Cole Pulice – Gloam

Think contemporary sax experimentation and you can’t help but think of the maestro, Colin Stetson. Perhaps you can name one or two more from your local scene too … maybe, say, that out-there player David McLean of Gnod and others. There will inevitably always be countless Avant jazz boffins too if you’re that way inclined. Elevating himself from the footnotes now too comes Minneapolis-based tenor saxophonist Cole Pulice, who as well as featuring on the Iceblink record recently covered on these pages, has also worked with Godspeed You! Black Emperor and Bon Iver amongst others.

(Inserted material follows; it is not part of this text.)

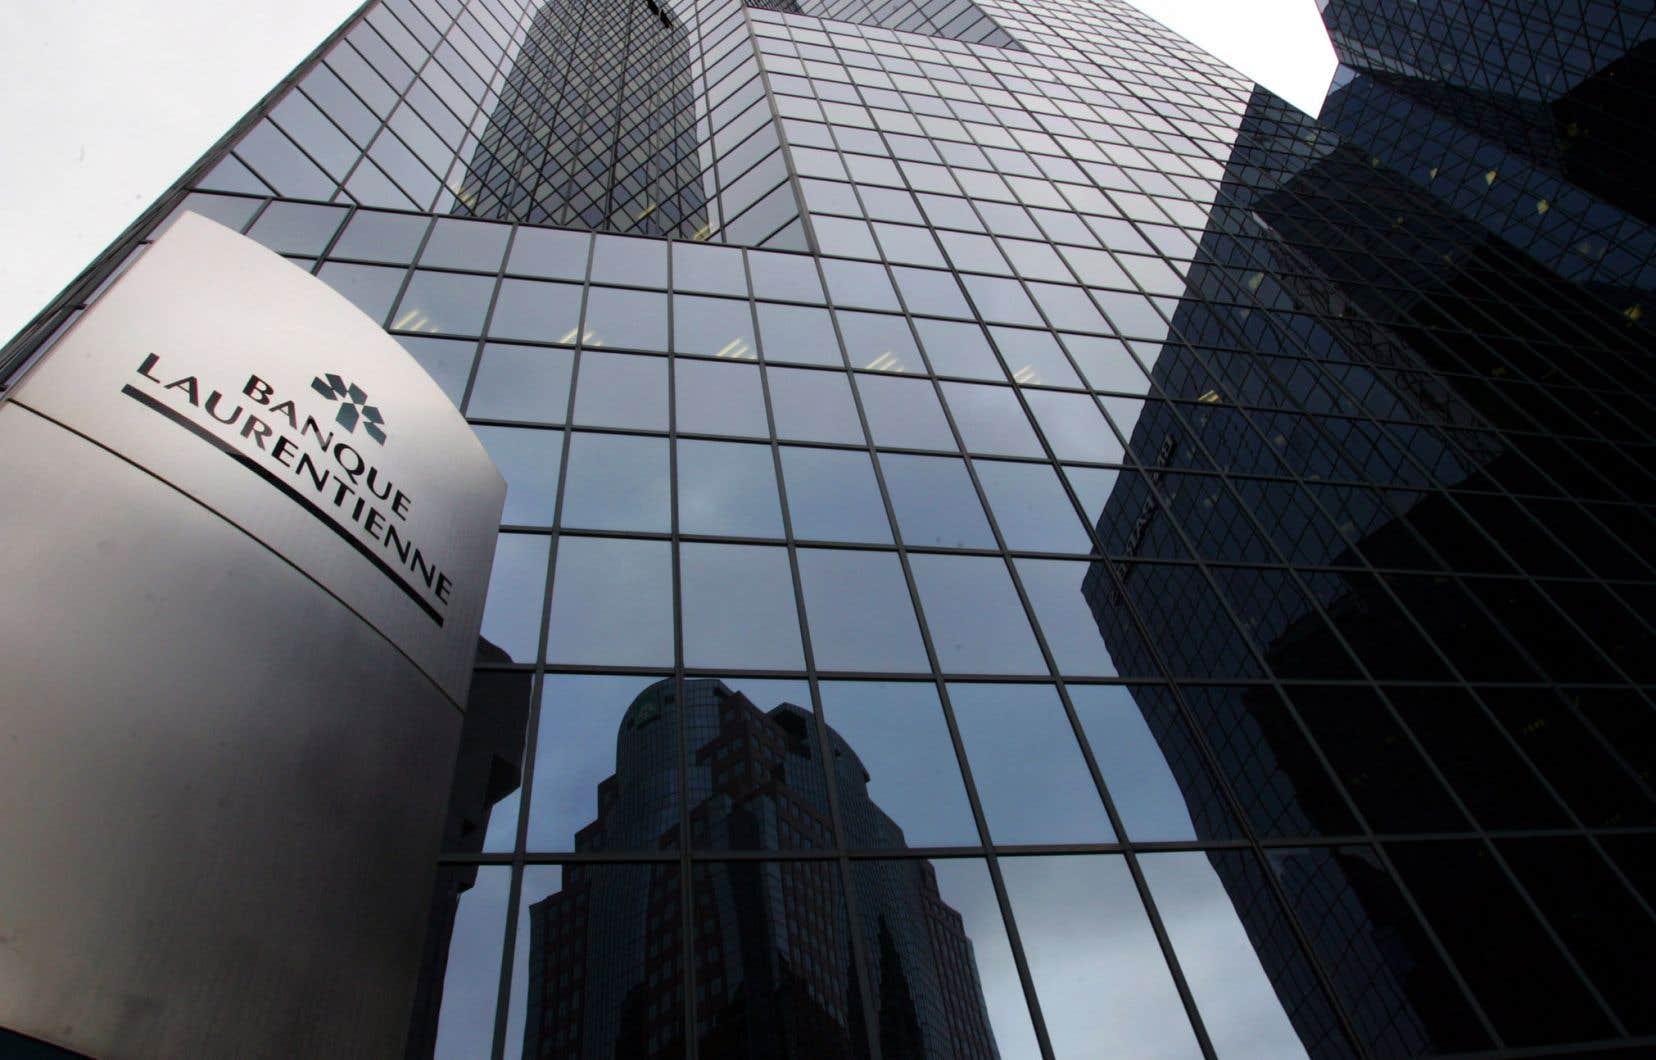 L'institution financière s'attend à devoir racheter jusqu'à 392 millions de prêts jugés problématiques d'ici la fin du deuxième trimestre, au terme de l'examen approfondi pour des prêts hypothécaires.

A glowing resume therefore in his pocket, Gloam is Pulice’s debut solo album and – a blend of electronic ambience, drone and virtuoso noodling – it’s a textural series of drifting tones that float on by largely unchallenged during the nebulous 35-minute run-time. Surging sax parts are met in harmony by simmering synth, micro-detail hardware erasing uniformity across the many repeats. Pulice’s rich tenor is a world away from the bray of the alto, his low and melancholy notes bellowing out across the lonely landscape like the last of its species calling for a mate. “Sleep Helix” is consequently sorrowful but still soothing, the 8-minute “Bone Prisms” more unsettling in turn, its humming on-board computers setting an uneasy drone for sustained, shape-shifting sax to skim over its surface.

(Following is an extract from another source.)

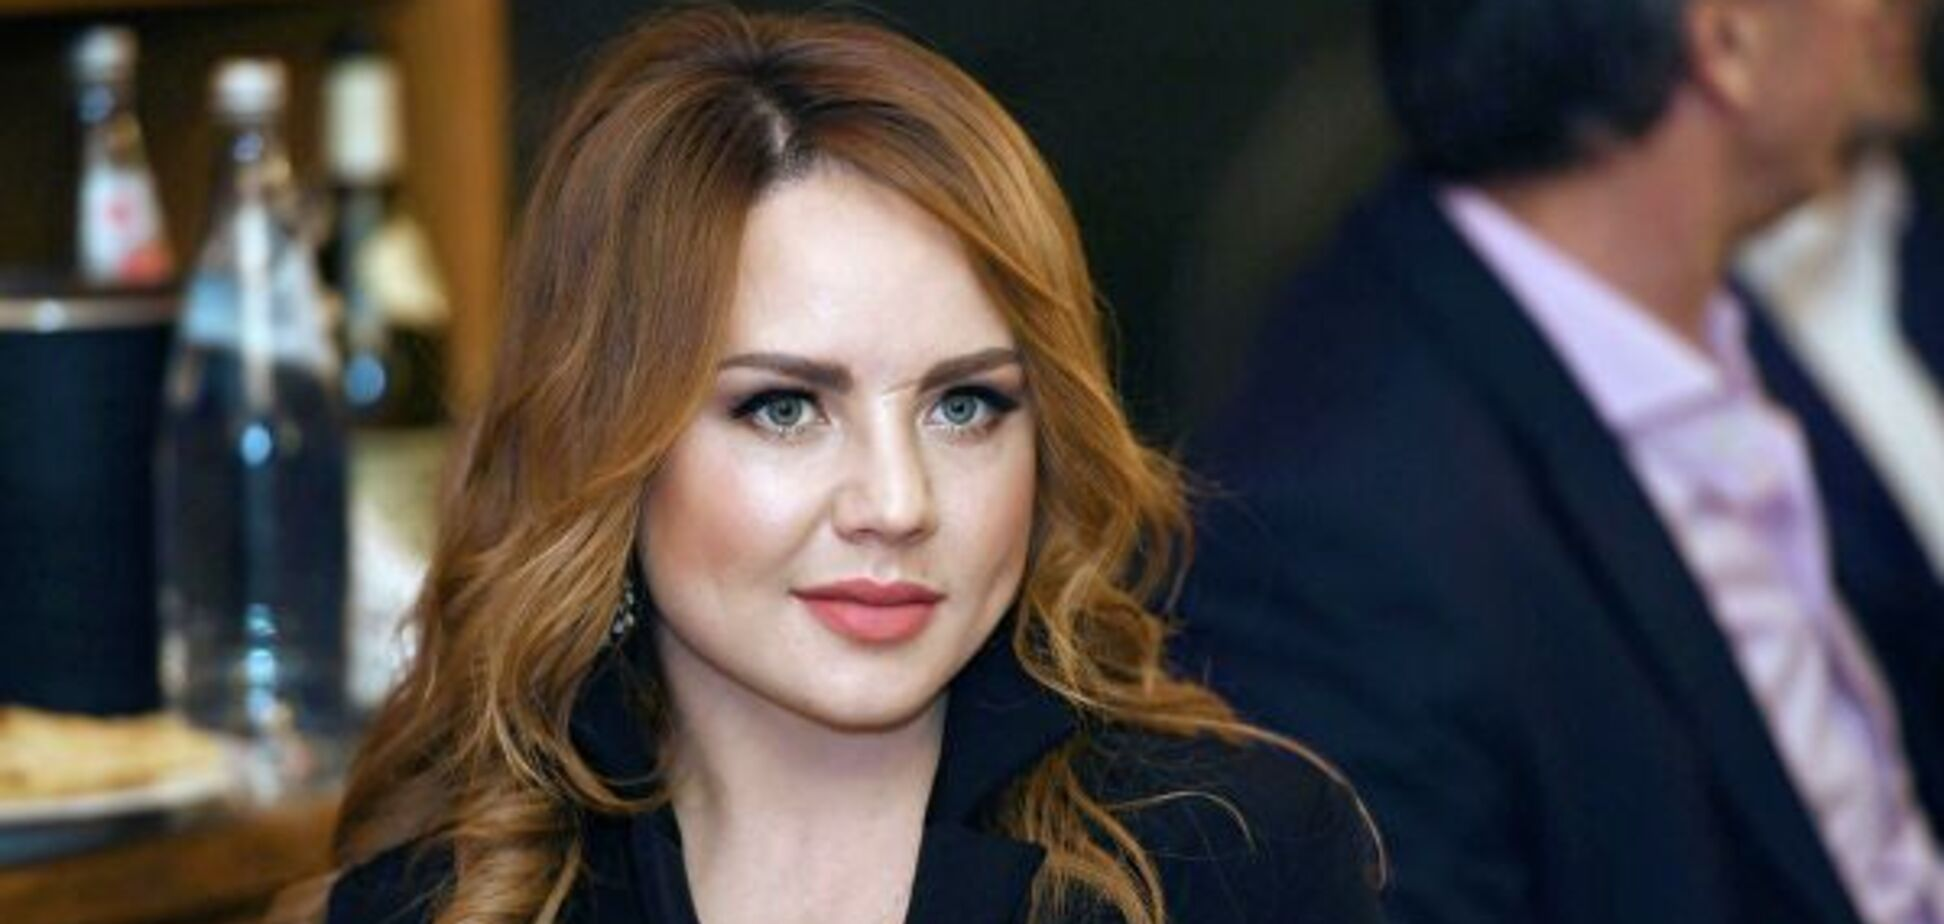 Відома російська співачка шокувала опухлим обличчям: відео

Wetting its reeds in turn, the electro buzz of “Neurochrome” is treated to a scrambled interruption of sax and something resembling the wheezy protestations of an accordion, while “Arc Of Shadows”, although lightly menacing, is altogether more zen, nevertheless conjuring the slow creep of a classic sci-fi score in which the protagonists suffer from insomnia on a planet where the sun never sets. From minimal to maximal in a single bound, the euphoric closer then blossoms into improvised layering that really tests Pulice and his instrument’s full range of valves. Gloam is not a common-or-garden listen as a result, but for those given the horn by brass this rare strain of New Age jazz may just prove essential.